Welcome back to campus! As we start the fall semester, I write with some reminders of the university's COVID response now that the federal public health emergency has expired in May of 2023.
Here are some of the highlights of the message the COVID Advisory Team sent to all of campus in May 2023:
- Students, faculty, and staff no longer need to report positive tests to the university.
- We are no longer offering isolation housing. If a student tests positive for COVID, we are asking them to stay home, just as they would with any other contagious illness.
- We are no longer providing meal deliveries for students. Students can ask a friend, or if needed wear a mask to get food to go from Goudy.
- We are recommending that all community members stay up to date with their COVID vaccines, but we are not requiring them
- Masks are no longer required in any indoor or outdoor spaces. We encourage people to make whatever masking decisions are best for them.
You may have also heard of the recent increase in COVID nationally and in Oregon. In response to these developments, the Oregon Health Authority published an update earlier this month: "New variant, same message." In it, the Oregon State Epidemiologist, Dr. Dean Sidelinger reminds that “This kind of change is normal and expected as the virus that causes COVID-19 continues to evolve. But our message to Oregonians remains the same. Our current tools—vaccinations and well-fitting masks—will continue to protect us." Further, he states "We’ve seen a small increase in the COVID-19 hospitalization rate, in Oregon and the U.S., which is primarily affecting individuals 65 and older. CDC forecasts do not predict a significant increase in COVID-19-related hospitalizations in Oregon in the short term."
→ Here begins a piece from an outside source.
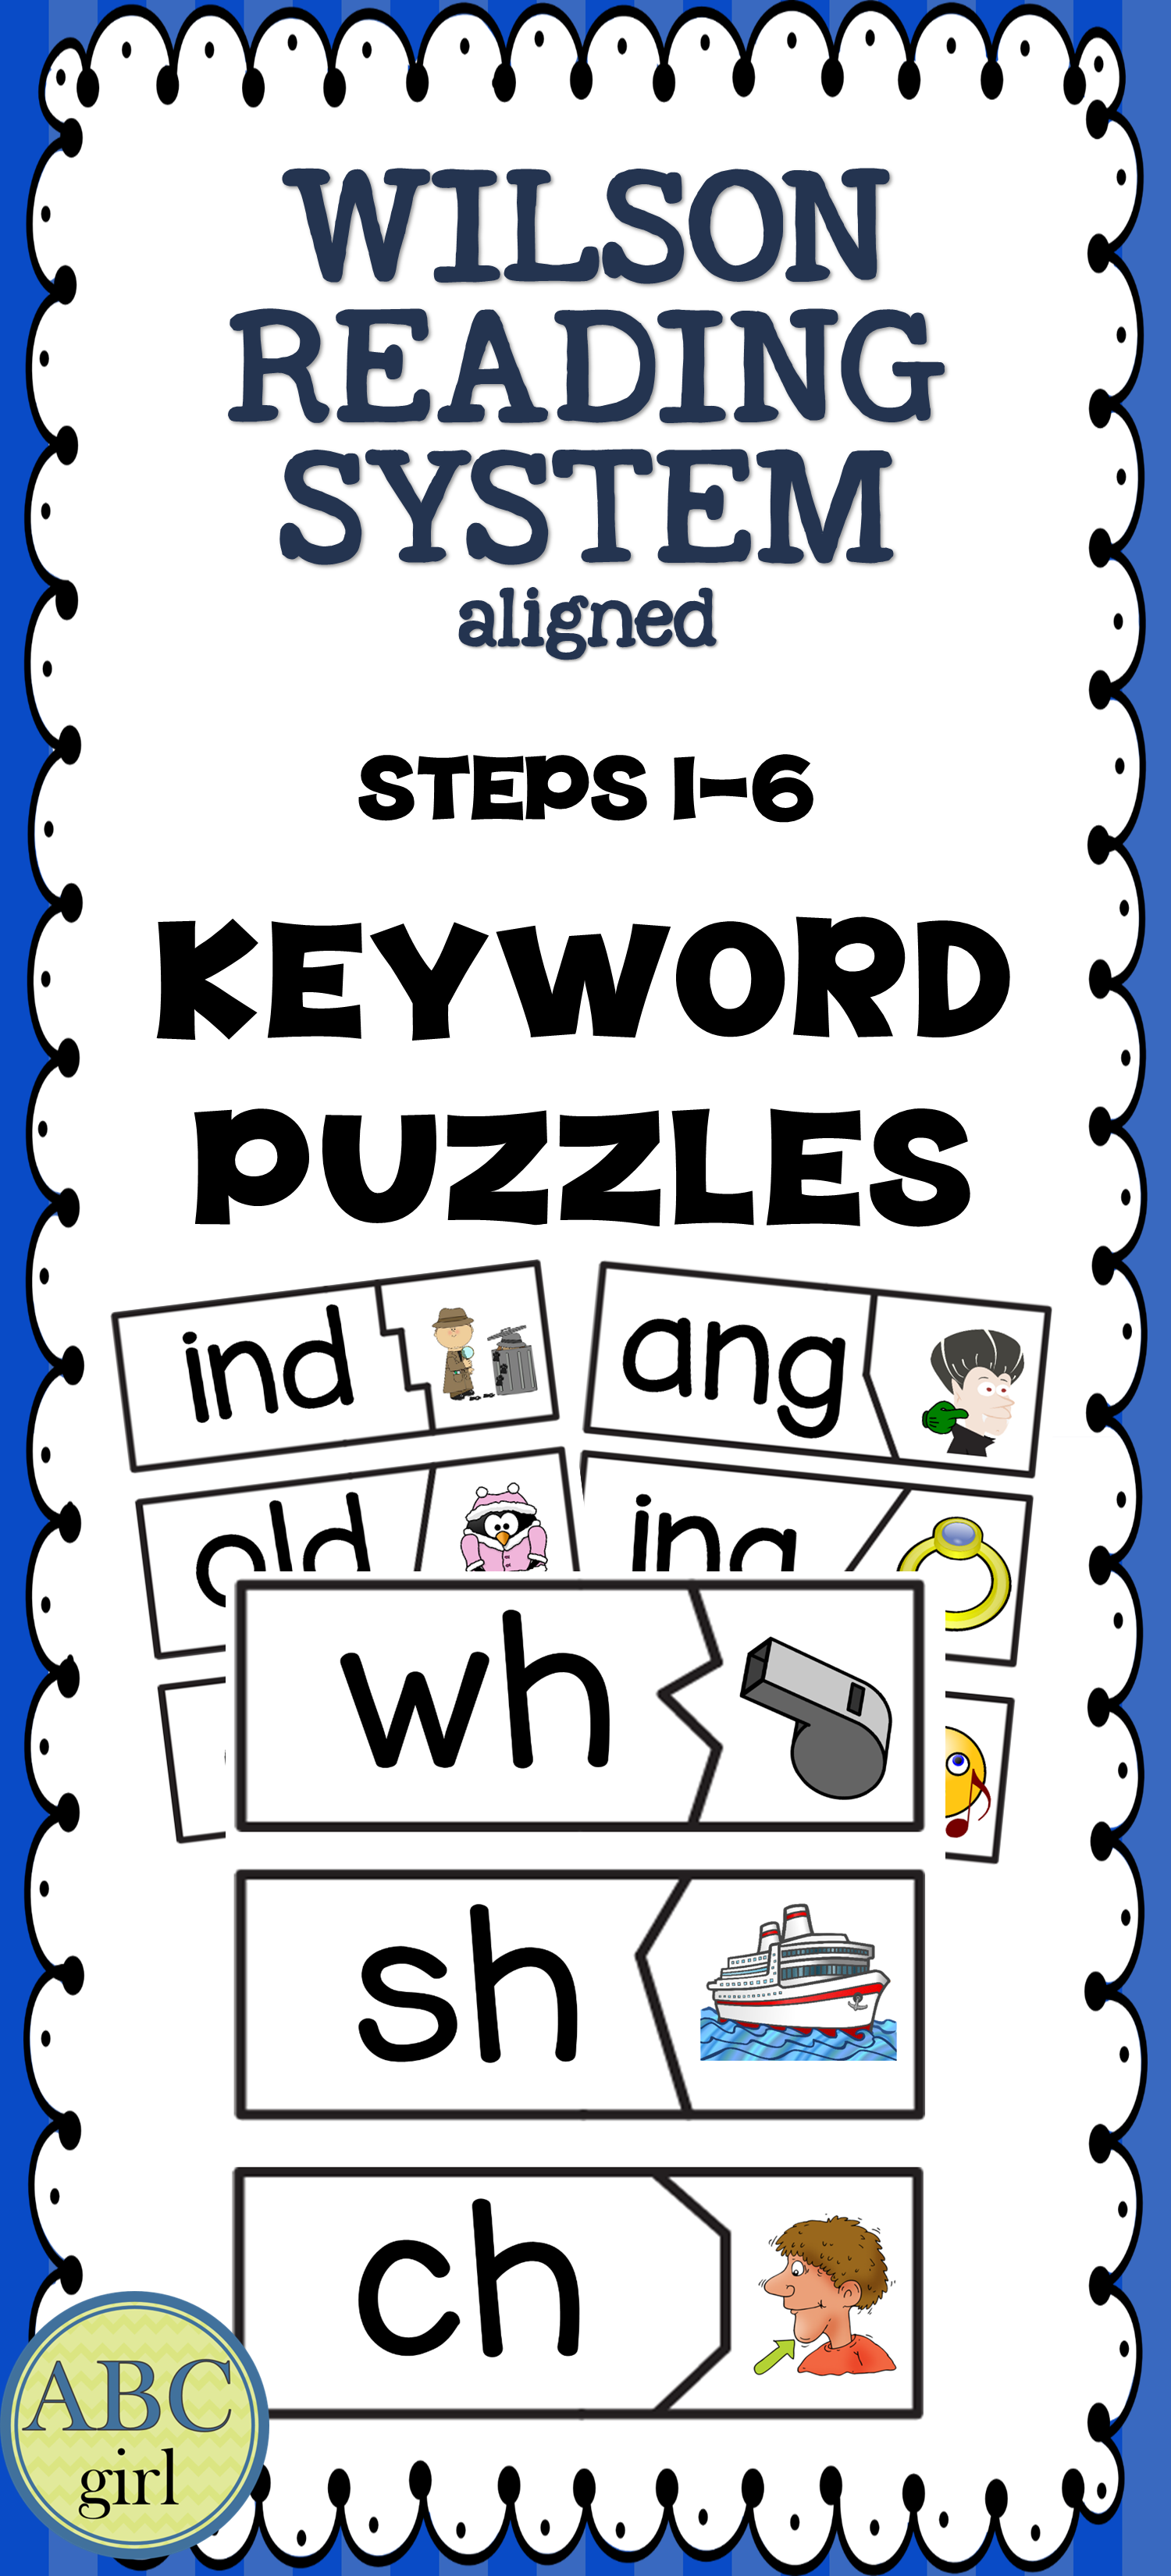 hight resolution of Wilson Reading System® Aligned Keyword Puzzles Steps 1-6.  #wilsonreadingsystem #fundations #wilsonr…   Wilson reading system
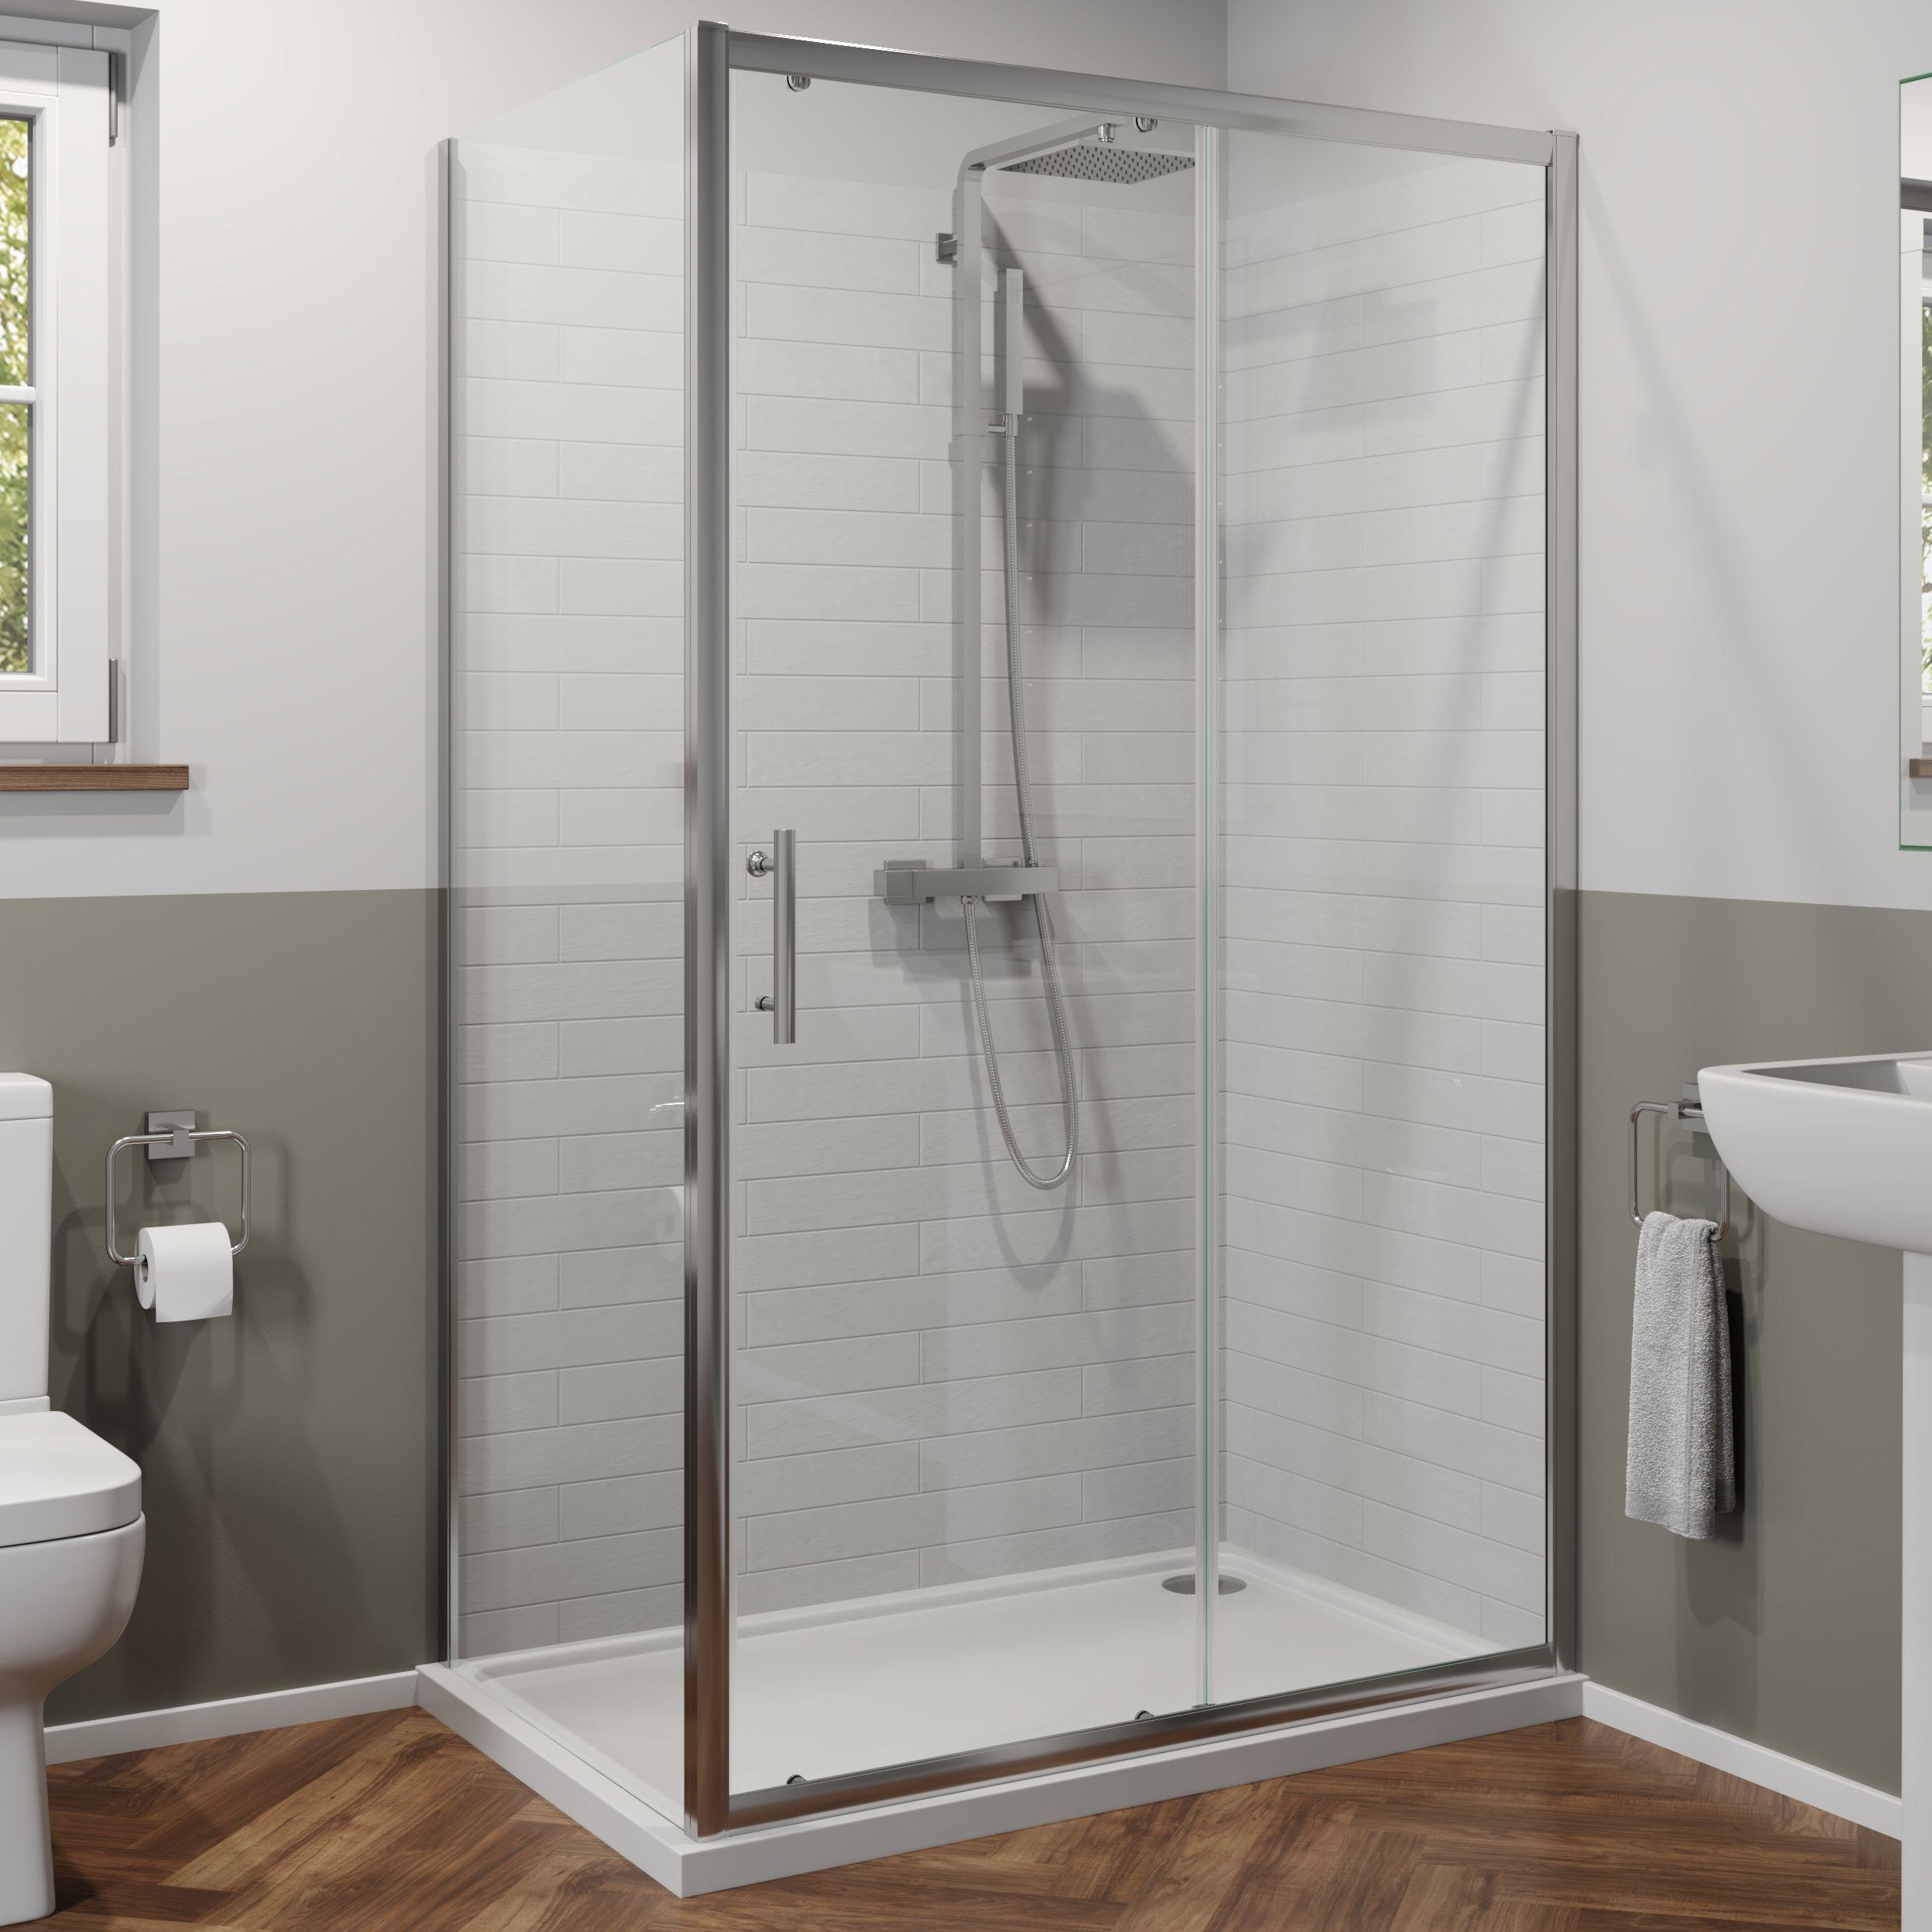 Luxura 1400 X 700mm Sliding Shower Door Side Panel 6mm Glass

What to do if you test positive for COVID
Willamette University will follow the Oregon Health Authority recommendations which state that you stay home until you are fever free for 24 hrs and other COVID-19 symptoms are improving, avoid contact with high-risk individuals like people with immunocompromising conditions for 10 days, and wear a mask through day 10. We encourage you to review the current guidance and make the best decision based on your individual circumstances.
Wishing you the best as we head into the fall semester.